+++ Input records

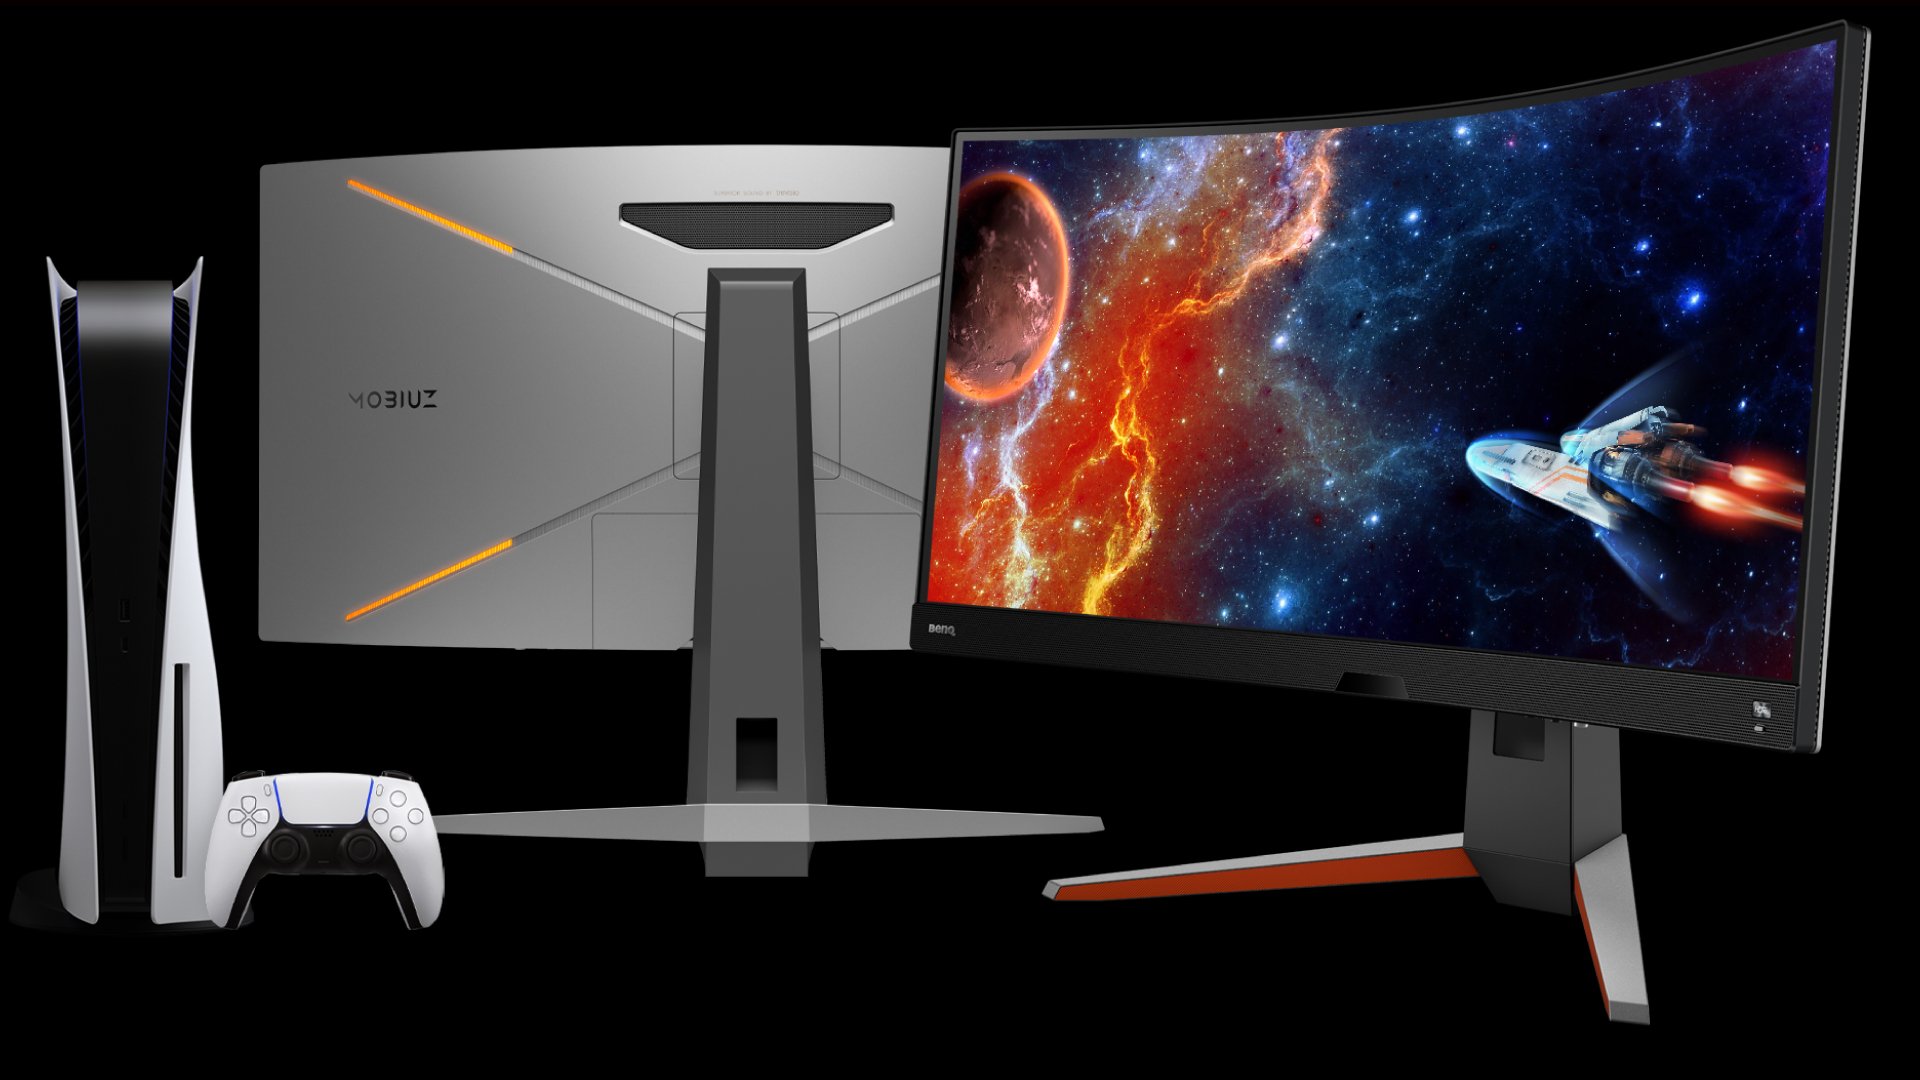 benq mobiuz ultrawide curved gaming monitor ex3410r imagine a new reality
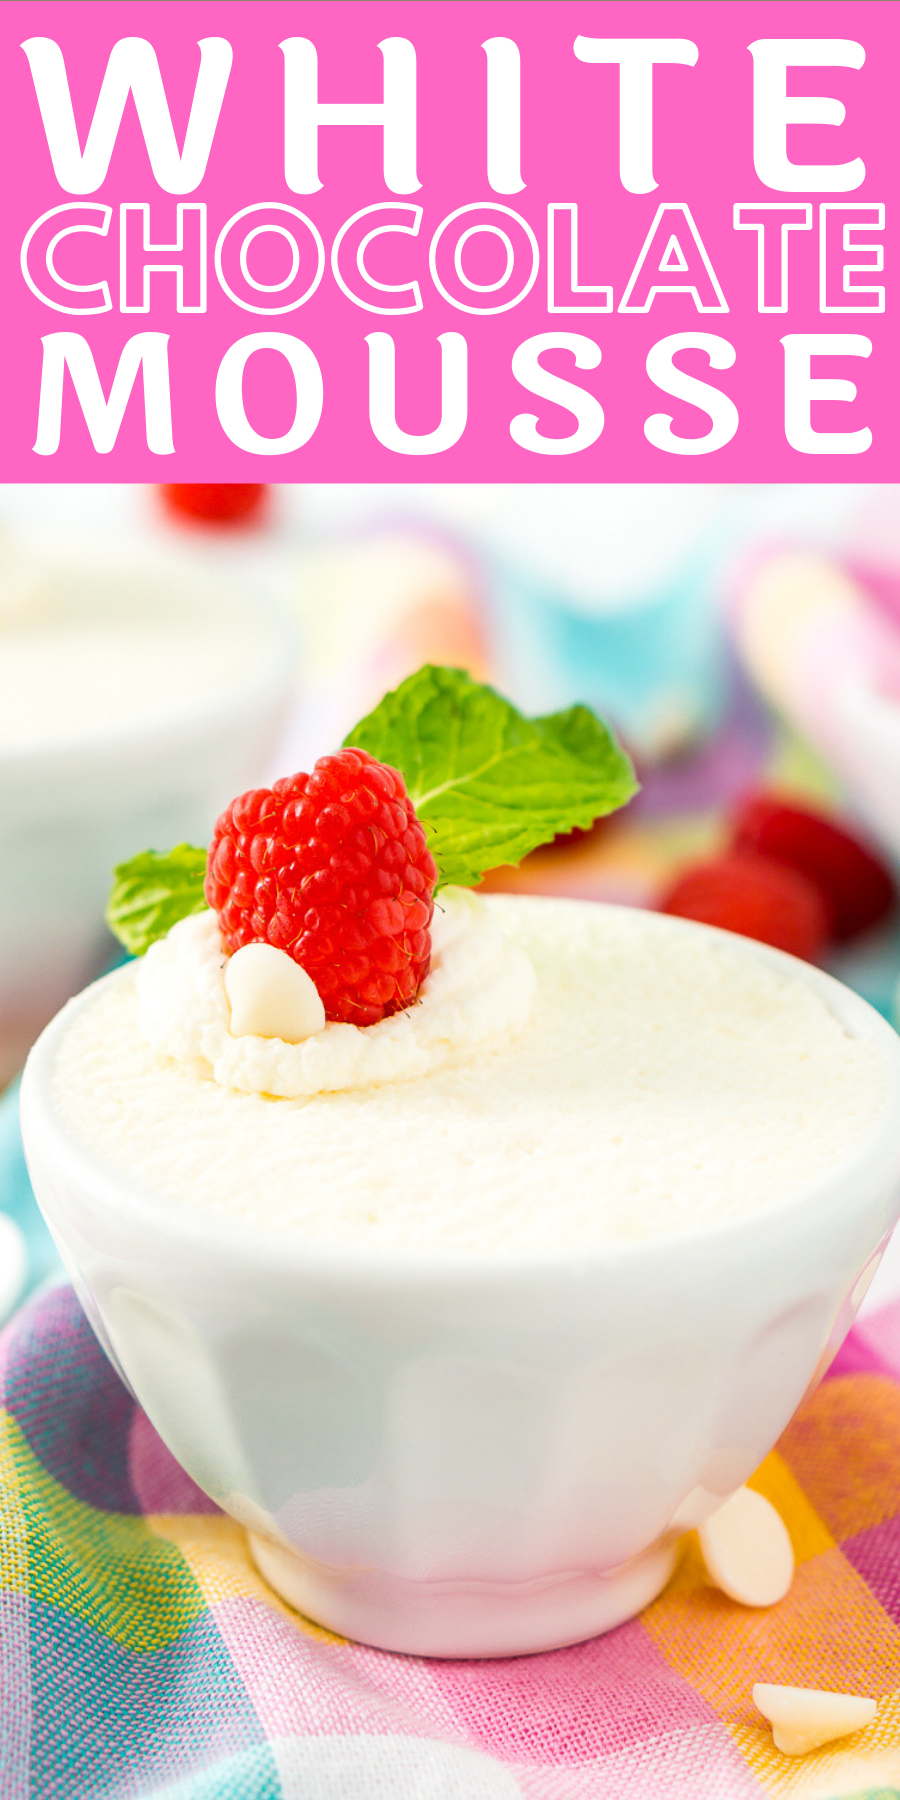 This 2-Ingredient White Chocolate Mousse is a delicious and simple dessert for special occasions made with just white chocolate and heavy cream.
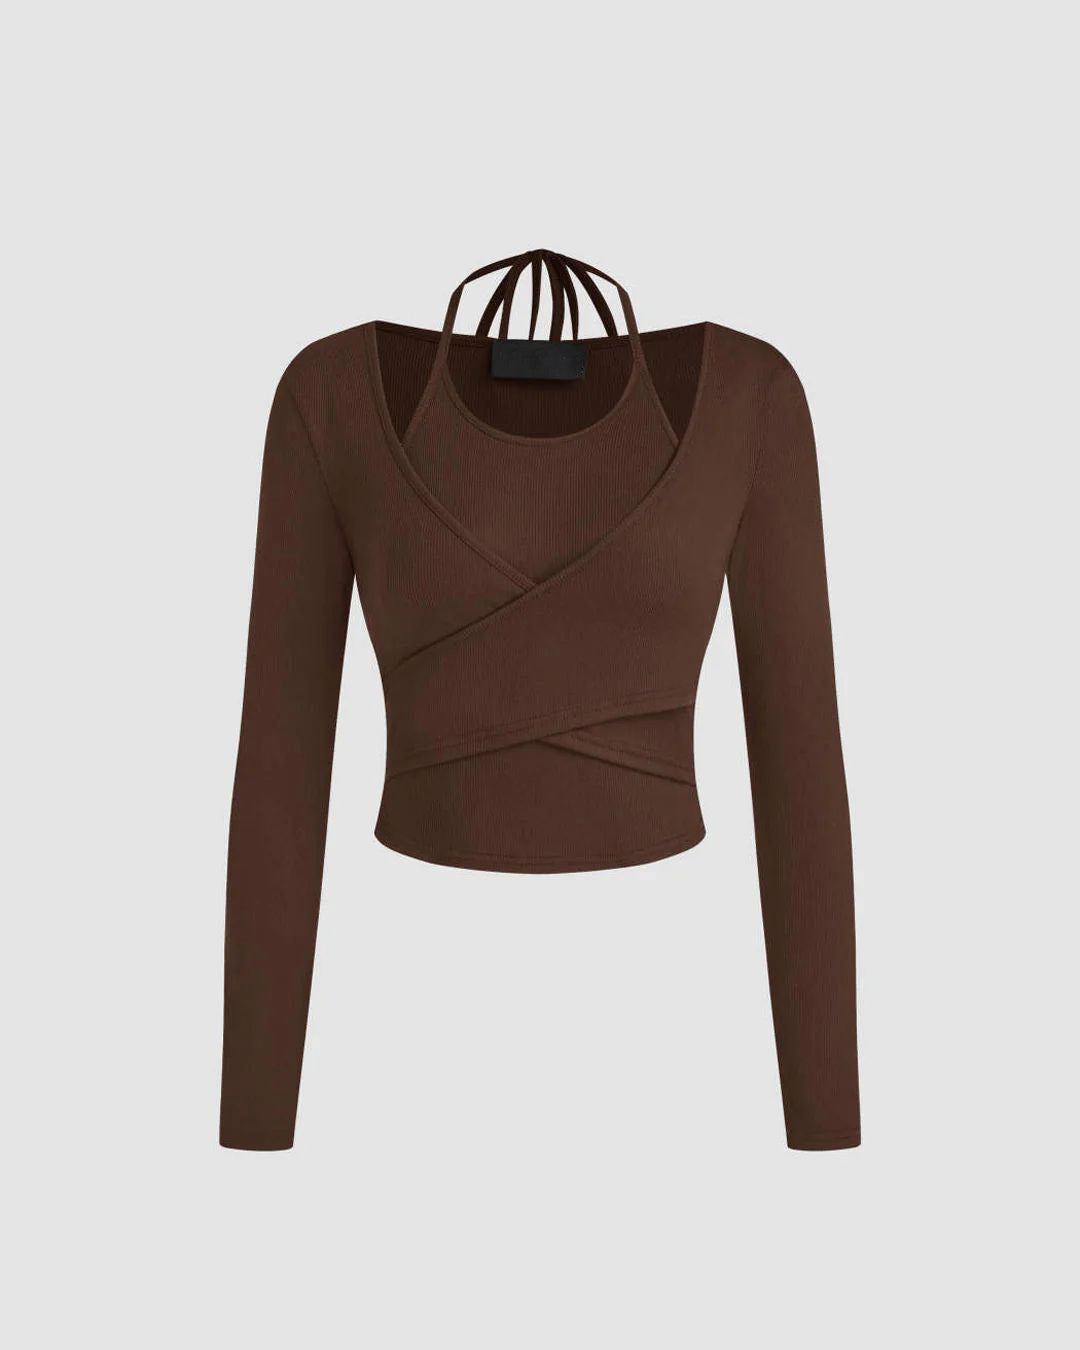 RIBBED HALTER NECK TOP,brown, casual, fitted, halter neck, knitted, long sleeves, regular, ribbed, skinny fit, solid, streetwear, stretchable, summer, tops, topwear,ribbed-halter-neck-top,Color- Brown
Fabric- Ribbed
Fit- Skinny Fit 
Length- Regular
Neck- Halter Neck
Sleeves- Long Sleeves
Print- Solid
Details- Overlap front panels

++++++

Exercise:
An exact copy of each entry is required, minus the pictures.

Solution for this problem:
 benq mobiuz ultrawide curved gaming monitor ex3410r imagine a new reality
 This 2-Ingredient White Chocolate Mousse is a delicious and simple dessert for special occasions made with just white chocolate and heavy cream.
 RIBBED HALTER NECK TOP,brown, casual, fitted, halter neck, knitted, long sleeves, regular, ribbed, skinny fit, solid, streetwear, stretchable, summer, tops, topwear,ribbed-halter-neck-top,Color- Brown
Fabric- Ribbed
Fit- Skinny Fit 
Length- Regular
Neck- Halter Neck
Sleeves- Long Sleeves
Print- Solid
Details- Overlap front panels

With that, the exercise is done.